Assistant Professor in the School of Law, Dr. Obinna Dike, says it is lawful for host communities to negotiate community development agreements.This is despite Nigeria’s constitution fully vesting land rights and resource control in the hands of government.
He made the assertion at the School of Law seminar of February 21, 2020. Professor Dike presented a paper on Emerging Framework for Industry/Community Relations – an exploratory comparative study of Nigeria, Canada, and Australia
"In many jurisdictions, resource development contexts are gradually getting accustomed to relatively new categories of contractual relationships other than the traditional investor-state contracts."
He said negotiation of contractual agreements involving both Aboriginal and non-Aboriginal community groups and resource developers, within the extractive industry is now seen as standard practice in Canada, Australia, Papua New Guinea, Mongolia and to some extent, Nigeria.
"In a few others, this arrangement assumes a tripartite structure in which a state actor is made a party."
The paper examines Nigeria's legal requirements for the various types of company-community agreements that exist in mining, and oil and gas sectors. Also, the paper compared Nigeria's legal and regulatory requirements with similar contractual relations in Canada and Australia.
He maintained that in the Nigerian context, to understand the basis for industry community agreement (what the Mining Act calls Community Development Agreement), there is a need to look at the constitution.
"The first time when I started this project, the first thing people ask me was that Nigeria operates a constitutional democracy and by the constitution, all resources wherever found in Nigeria belong to the federal government."
The seminar attendees were curious to know whether a community now has the right to enter into a private agreement with a resource developer that has acquired resource development title from the federal government.
"However, looking at the Mining Act, 2007, the act made interesting provisions regarding the right of what the Act calls ‘Host Communities’ to negotiate community development agreements. But in the Petroleum sector, the status still remains that there is no obligation."

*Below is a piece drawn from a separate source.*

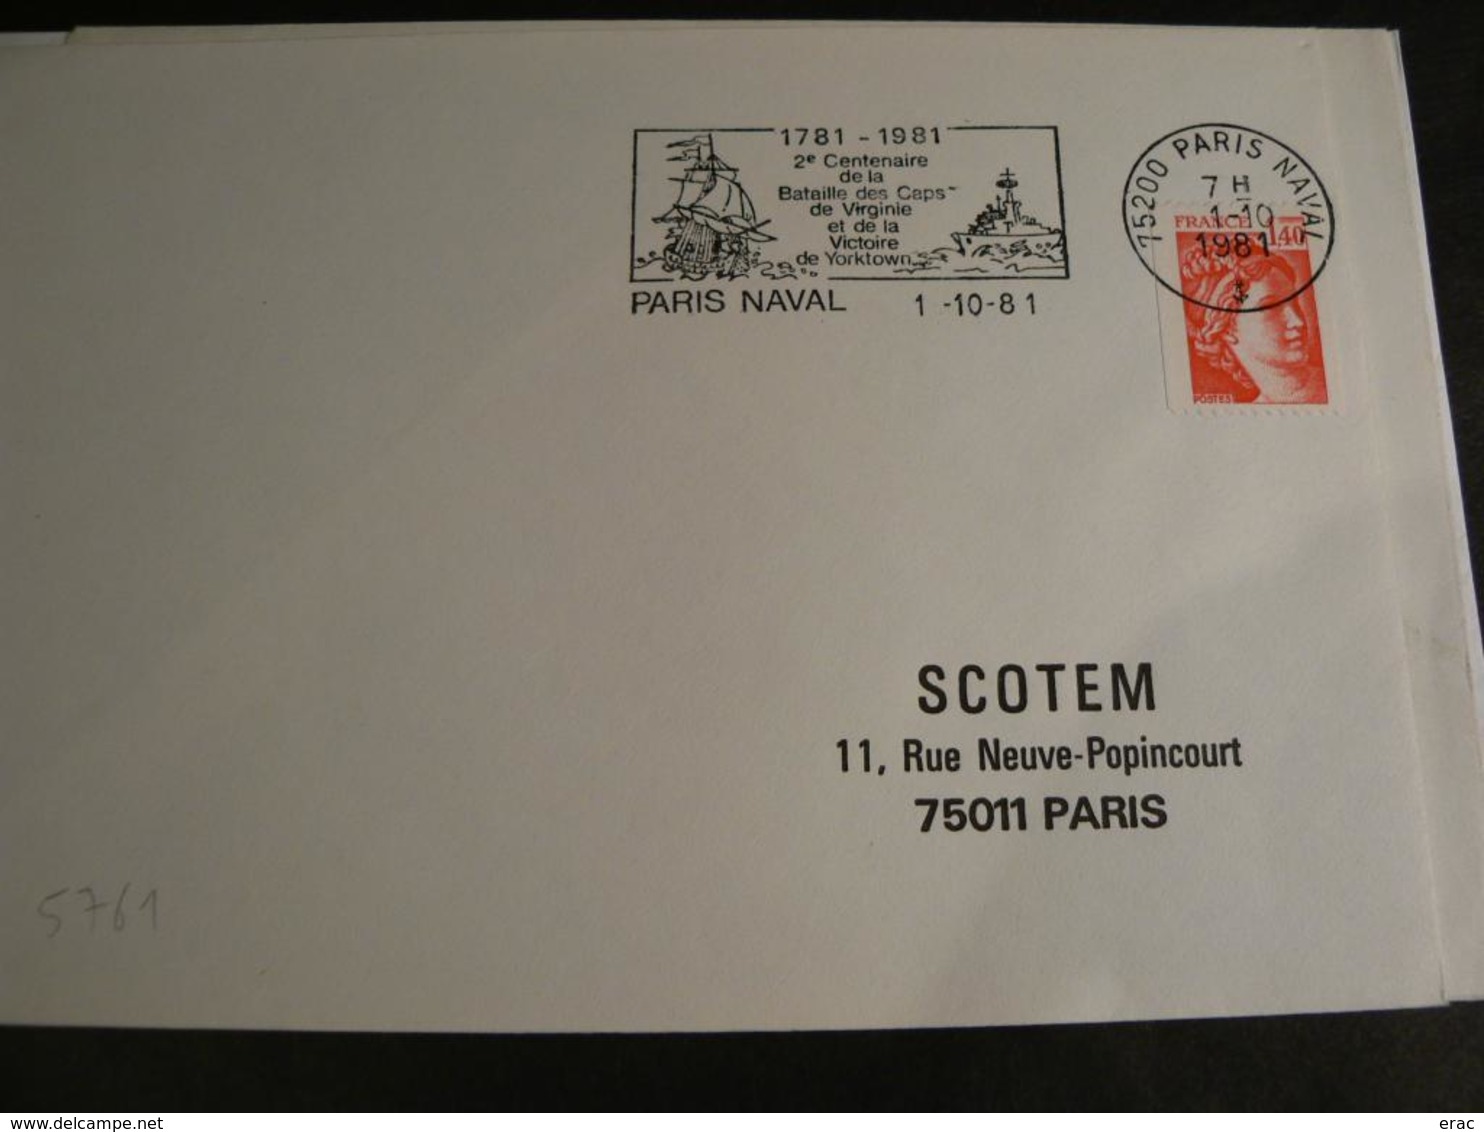 France - Lot de 19 enveloppes avec flammes Poste aux Armées - Naval

All the agreements that have existed in the oil and gas sector which are basically non-binding agreements styled as MOUs or GMOUs, the products of the exigencies of the challenges of the Niger Delta where the companies felt the need to enter into these types of agreements as a deliberate strategy to achieve relative peace with communities.
As for the petroleum sector, he said there is no existing legal or policy framework similar to what exists in the mining sector.
"But the Petroleum Industry Bill is still undergoing legislative processes before the national assembly. Recently, before the term of the 8th assembly ended, they passed two aspects of the PIB and the public hearings were held regarding the aspect of dealing with host communities."
He maintained, however, that the bill has provisions for some form of recognition for host communities.
"But there is no express provision for community engagement or active community participation in the process of development. So what we still have in the oil and gas sector is a non-binding industry-led approach of signing a memorandum of understanding with host communities."
We are looking to the legal framework for the communities in the petroleum sector,
He went on to argue that so long as the economic resource was held for the Nigerian citizens, it was important that a mining sector style framework and legislated, implicated and supported by the Federal Government. Unless this is done, the natural resources industry may miss a strategic opportunity to leverage its unique attributes to engineer or facilities development and community sustainability.
To back his claim, he referred to the Nigerian constitution, quoted relevant sessions of the Nigerian constitution which shows that wherever one finds economic natural resource - mineral ores and natural gas, it belongs to the federal government.
"If that is the case, on what basis can a community assert rights to negotiate or can a community assert a right to have an agreement negotiated," he questioned trying to reason with the critics.
"But we have what is known as the Land Use Act which says that all land found in any state is held in trust on behalf of the citizens of the state. The argument, therefore, he went on, "is that the title of the federal government relates only to the resource where you have land title belonging to the state on behalf of the members of that state."
He further gave instances under the Land Use Act, where there is recognition for communal land. He maintained that the process of resource development is done under the context of multiple and overlapping legal rights.
"That, in my opinion, creates the basis for state and communities to assert a legal right, not to the resource but to negotiate for the conditions of access to the land."